Together with a strong team of scientists, clinicians and an extensive industry network, the company has an advanced pipeline of innovative drug products to treat a number of unmet patient needs. The funding will support the advancement of the product pipeline, along with expansion of technical and commercial operations in both Ireland and the US.

Alan O’Connell, a Partner at Seroba who has joined the Shorla board, said, "We’re delighted to support an Irish company with such a promising pipeline of products designed to improve treatment options for cancer patients. Shorla is led by experienced founders with a track record of success in the sector and we look forward to working with them to grow the company and bring their products to market."

Speaking about the investment, Orlaith Ryan of Shorla said, "This significant investment will provide the necessary resource to further advance the product pipeline through health authority registration and commercialization which will ultimately create valuable and clinically impactful treatments that improve patient outcomes."

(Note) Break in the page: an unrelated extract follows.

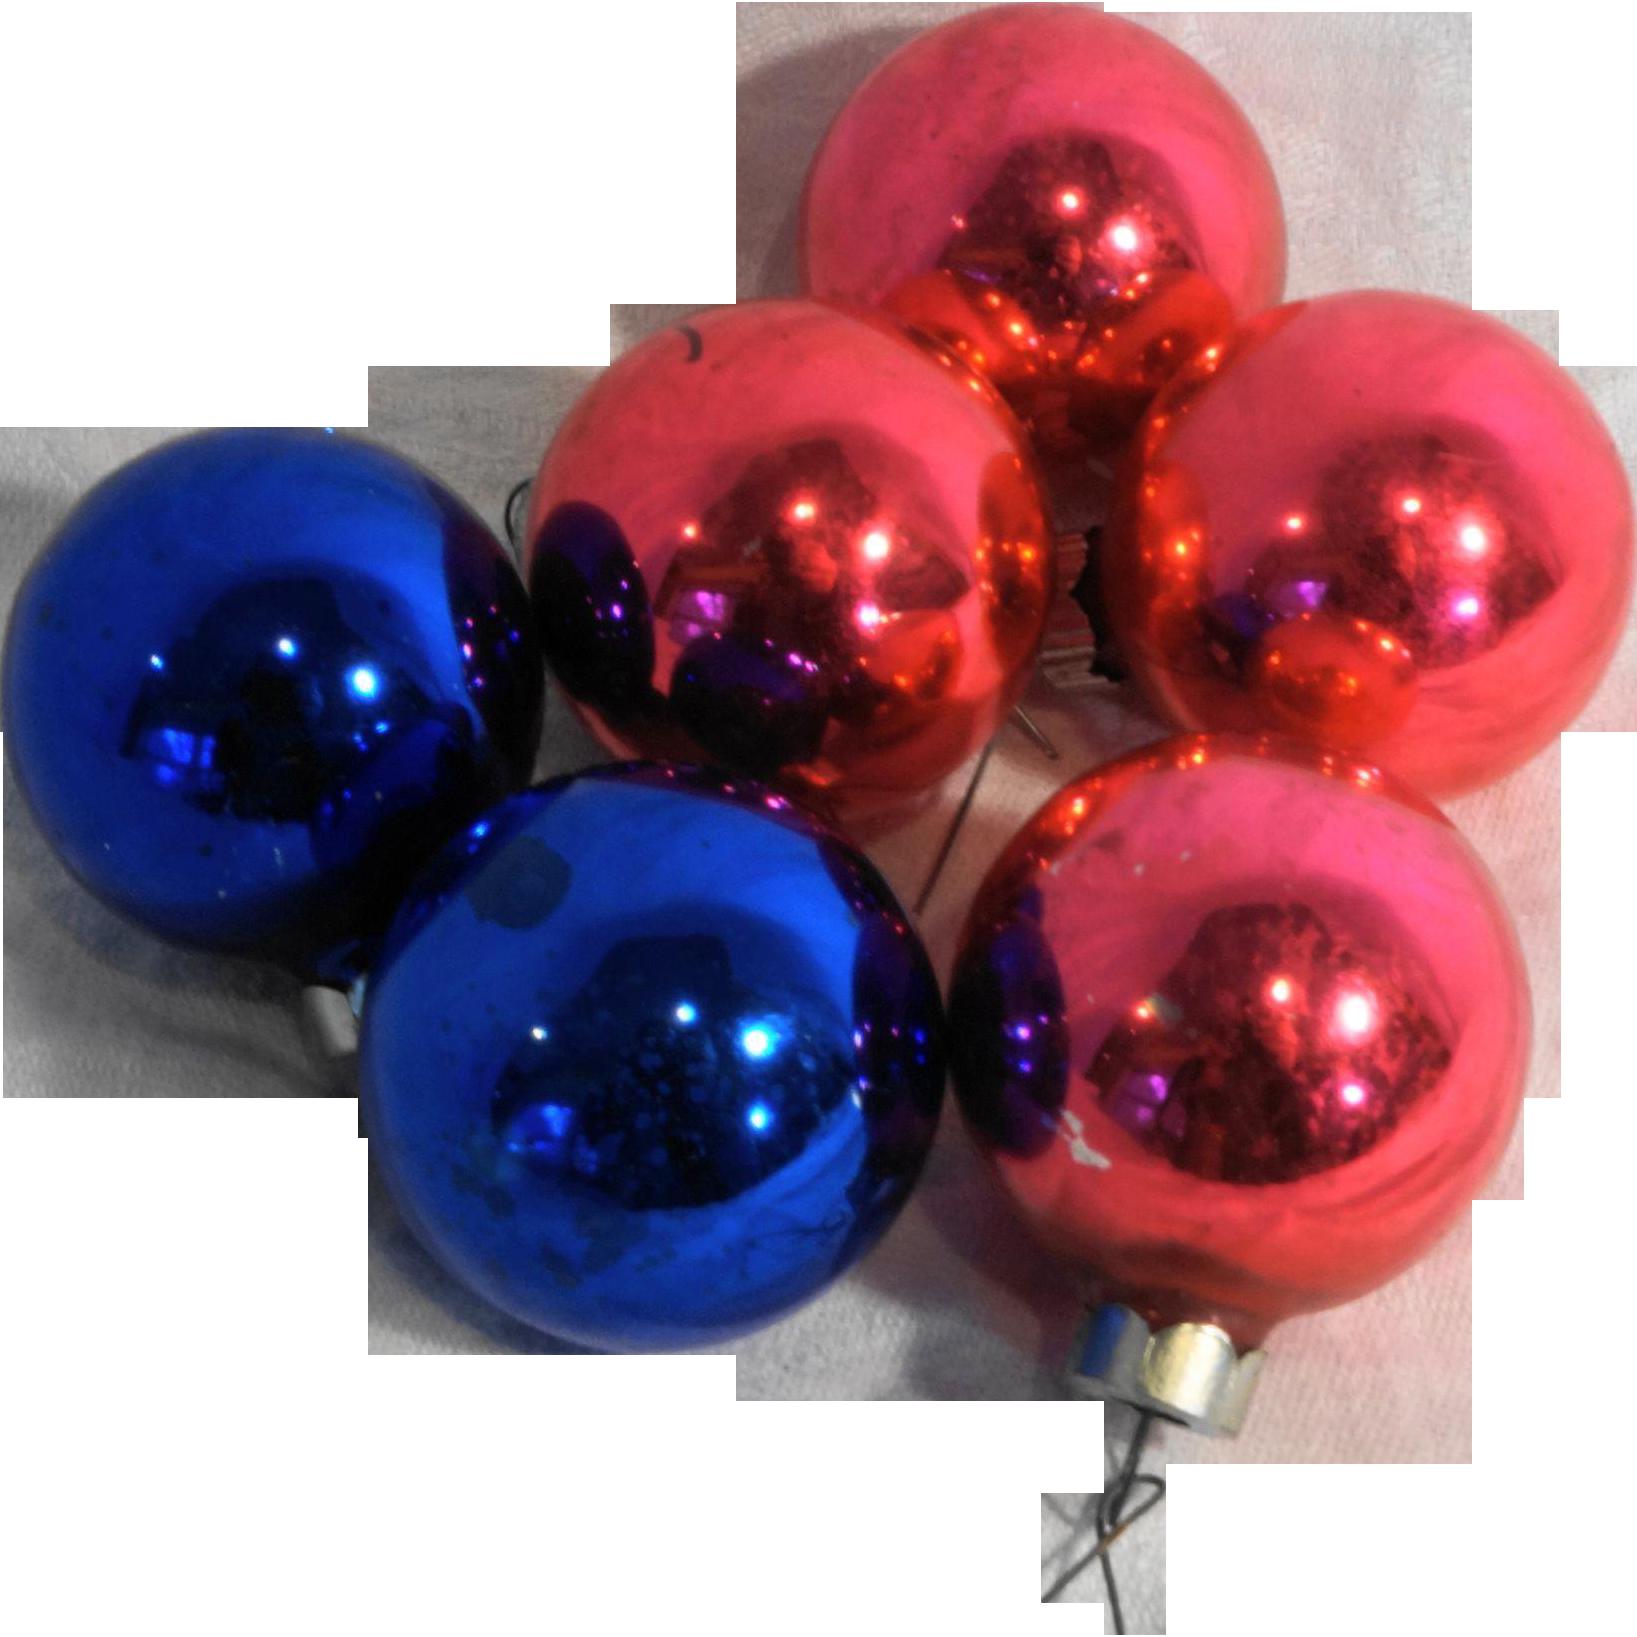 Shiny Brite Rauch Mixed Small Ball Christmas Ornaments Pink Blue

Commenting about the support from Seroba, Sharon Cunningham added, "Seroba is a leading venture capital firm in the global life sciences industry and they, along with other participants in the investment syndicate bring invaluable experience to Shorla and have a proven track record in the pharmaceutical sector. We’re confident that we have the right partners to support us in executing our vision."

Julie Sinnamon, CEO, Enterprise Ireland, said, "We are delighted to support Shorla and to be part of this investment round. Ireland is widely recognised as a center for the global life sciences industry as well as a leader in medtech and pharmaceutical manufacturing. Helping to maintain that reputation, Shorla, led by two female founders, is a highly innovative company developing new solutions to critical issues in the oncology area. It is also particularly heartening to see this company starting in a regional location. Earlier this year, the Enterprise Ireland ‘Action Plan for Women in Business’ cited that less than 10 percent of VC funding is going to companies with women founders. This investment is consistent with that action plan in terms of developing a larger number of companies of scale led by female founders. It is fantastic to have a role model like Shorla to demonstrate what’s possible. I wish the team luck with the project and congratulate the company on its success to date."